### Recorded data:
● ● ● ● ●
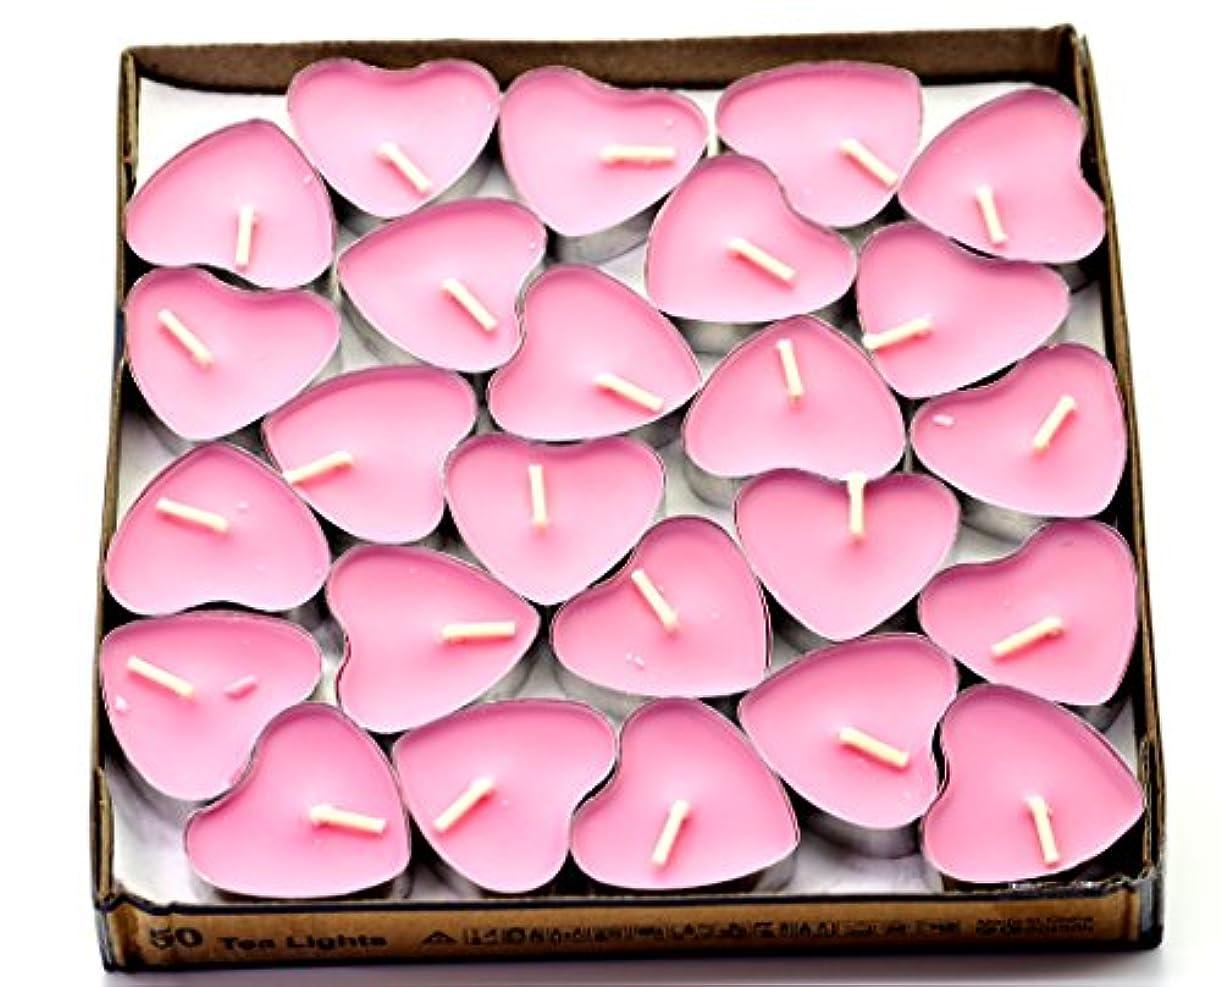 パーティション取り除く顔料(Pink(rose)) - Creationtop Scented Candles Tea Lights Mini Hearts Home Decor Aroma Candles Set of 50 pcs mini...
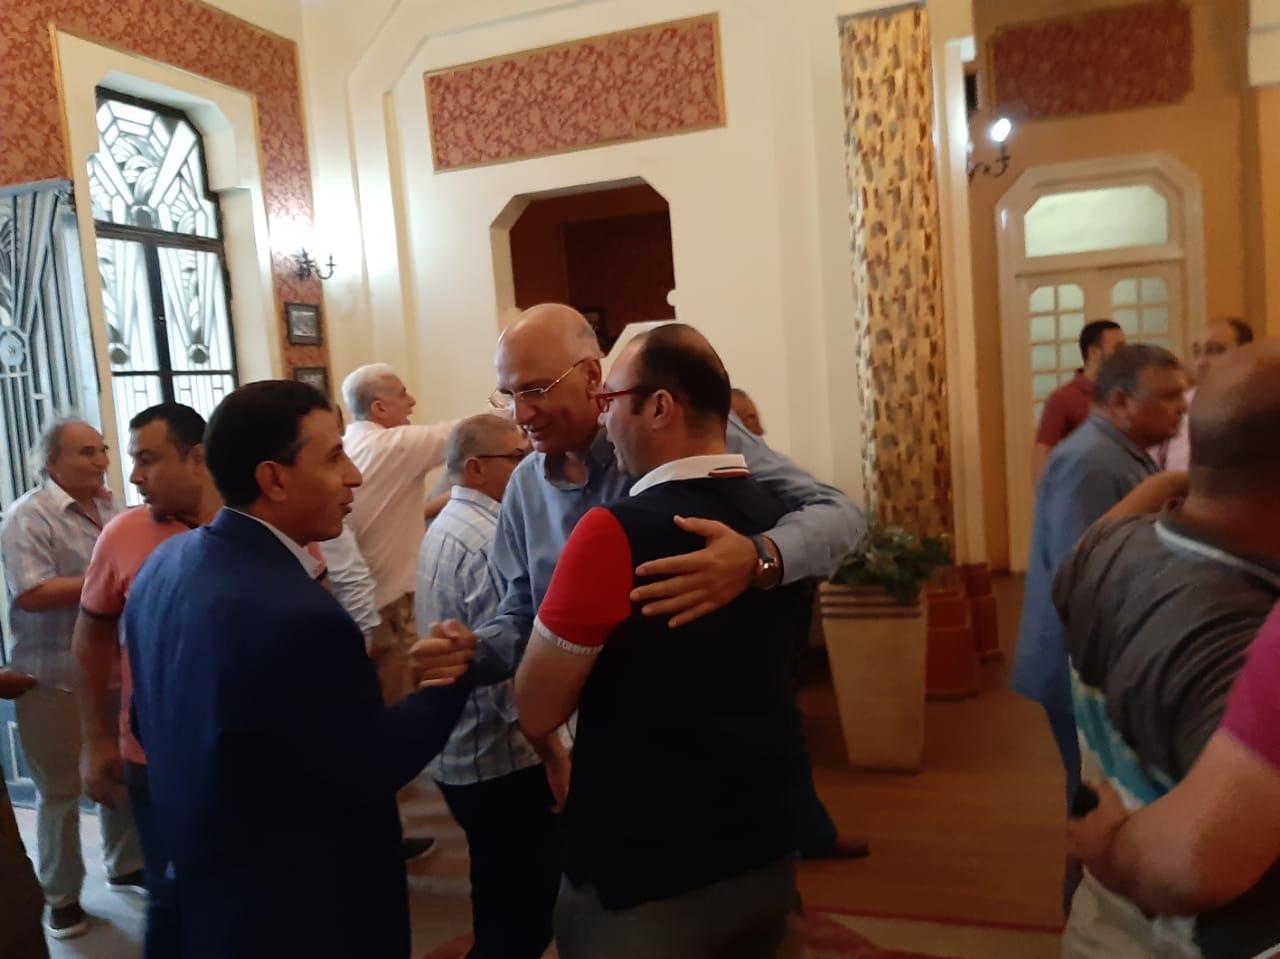 مجلس الجبلاية واعضاء الجمعية العمومية في افطار الشامي بالمحلة (11)
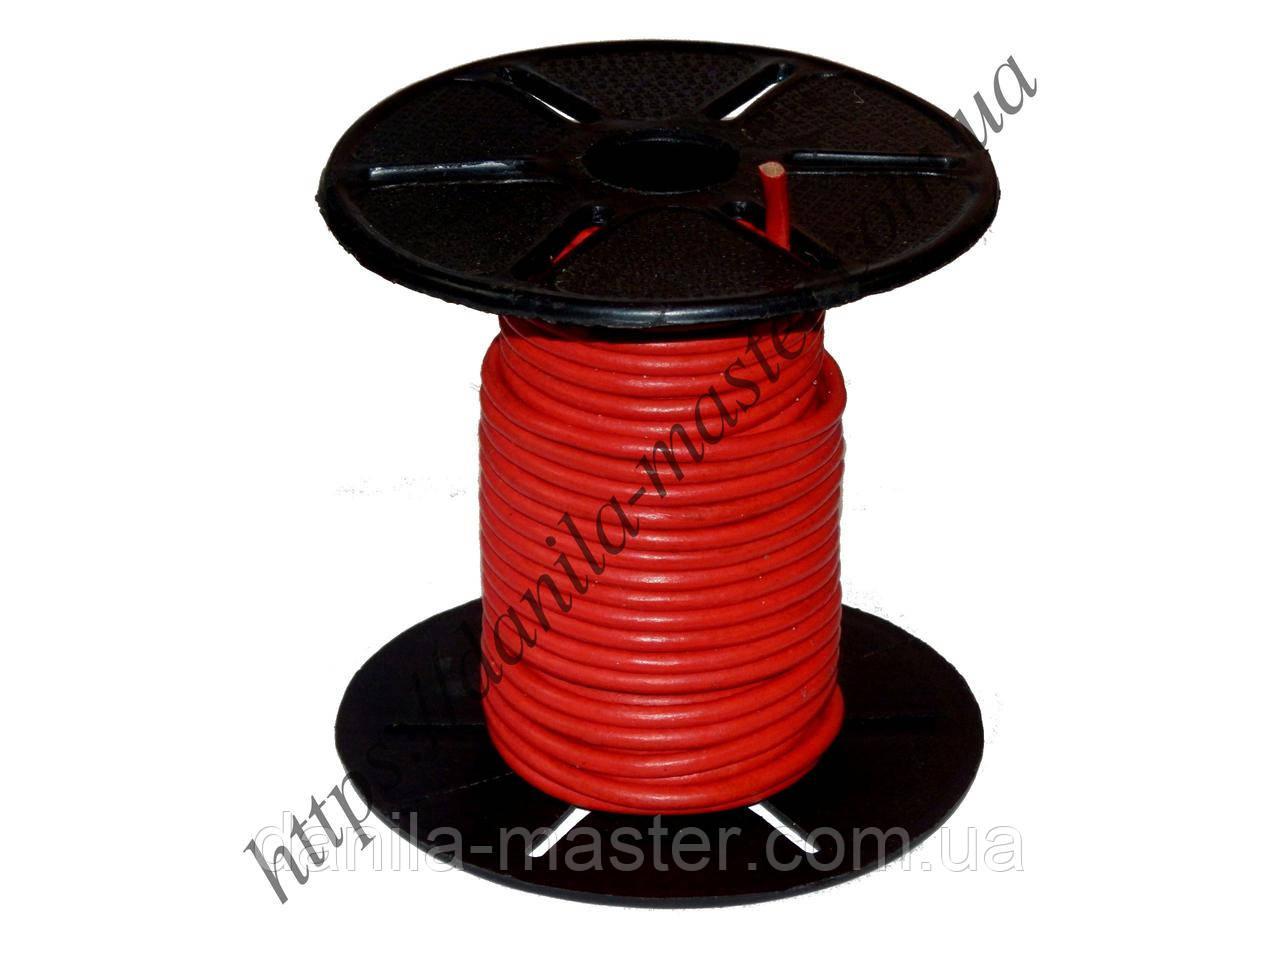 Шнур кожаный красный (d=2,5мм)
● ● ● ● ●
### Exercise directions:
Return every line above word for word, minus images.

### Answer to this exercise:
 パーティション取り除く顔料(Pink(rose)) - Creationtop Scented Candles Tea Lights Mini Hearts Home Decor Aroma Candles Set of 50 pcs mini...
 مجلس الجبلاية واعضاء الجمعية العمومية في افطار الشامي بالمحلة (11)
 Шнур кожаный красный (d=2,5мм)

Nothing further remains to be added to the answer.